Andrew · October 2017

I've managed to score 1134 but I'll post at the last possible moment

Andrew · October 2017

Hello all

I've managed to score 1134 but I'll post my process at the last possible moment.

regards

Andrew

sgenzer · October 2017

Boom! Well done, @Andrew! Anyone else coming in? There are prizes for 2nd and 3rd prizes.

Scott

jacobcybulski · October 2017

Hi Scott,

Just a question on the submission method. I am sure it has been addressed in the original competition document and your post above, I just want to ensure I am following your instructions to the letter. Here are some of my assumptions:

the submission is simply a post to this discussion area;
the submission can include multiple processes, including those called by "Execute Process";
we should refrain from using Python or R and instead focus on the pure RM solution;
the post needs to explain how to run the included processes;
all included XML inserts would be saved into the same folder with correct names;
you are not happy accepting a zipped directory of all RMP files;
we need to explain the method of data pre-processing and that we do not violate any rules;
you are going to penalise any copy-cats and any attempts of plagiarism of the submitted solutions;
finally, can I assume that the data provided to us has been nicely unzipped into two folders, or must we rely on the zipped data as it was provided to the competitors?

Jacob

P.S. Lots of questions and I am yet to get some good results to submit

sgenzer · October 2017

Hello @jacobcybulski - all good questions. Let me answer below.
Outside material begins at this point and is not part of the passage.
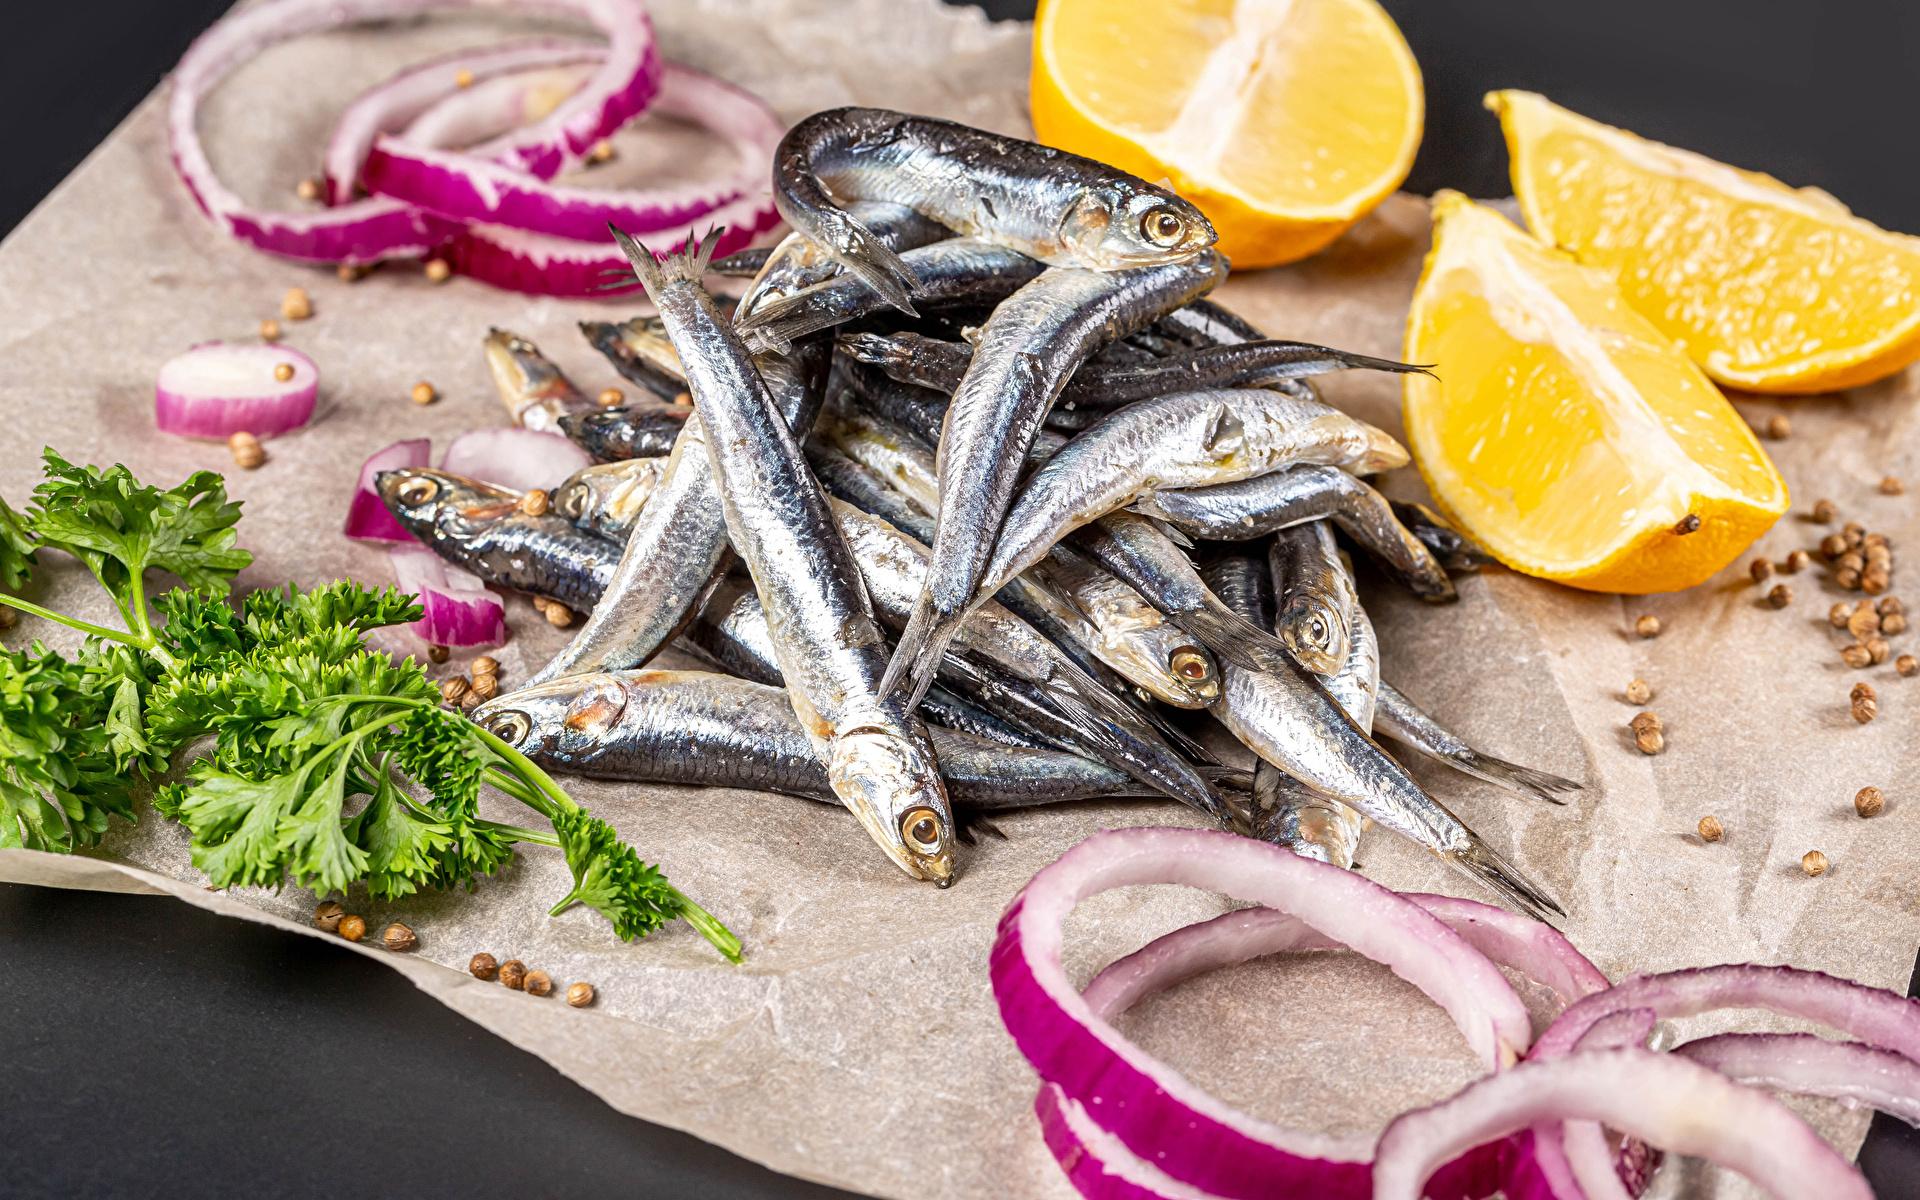 Фотография Апельсин Лук репчатый Рыба Еда 1920x1200 Пища Продукты питания

the submission is simply a post to this discussion area;

YES.

the submission can include multiple processes, including those called by "Execute Process";

YES, as long as the processes that "Execute Process" calls are also included in your submission.

we should refrain from using Python or R and instead focus on the pure RM solution;

NO. You can use Python and R if you like. There were no rules that stipulated otherwise. Of course all scripts need to be executable, open-source, etc... We are not going to spend time ensuring that dependencies are there and so forth.

the post needs to explain how to run the included processes;

I would expect that it is fairly self-evident how to run your process. If you think that it needs some explanation, by all means go ahead. Otherwise we may reach out to you (see my previous post) if we cannot get it to run or do not understand something.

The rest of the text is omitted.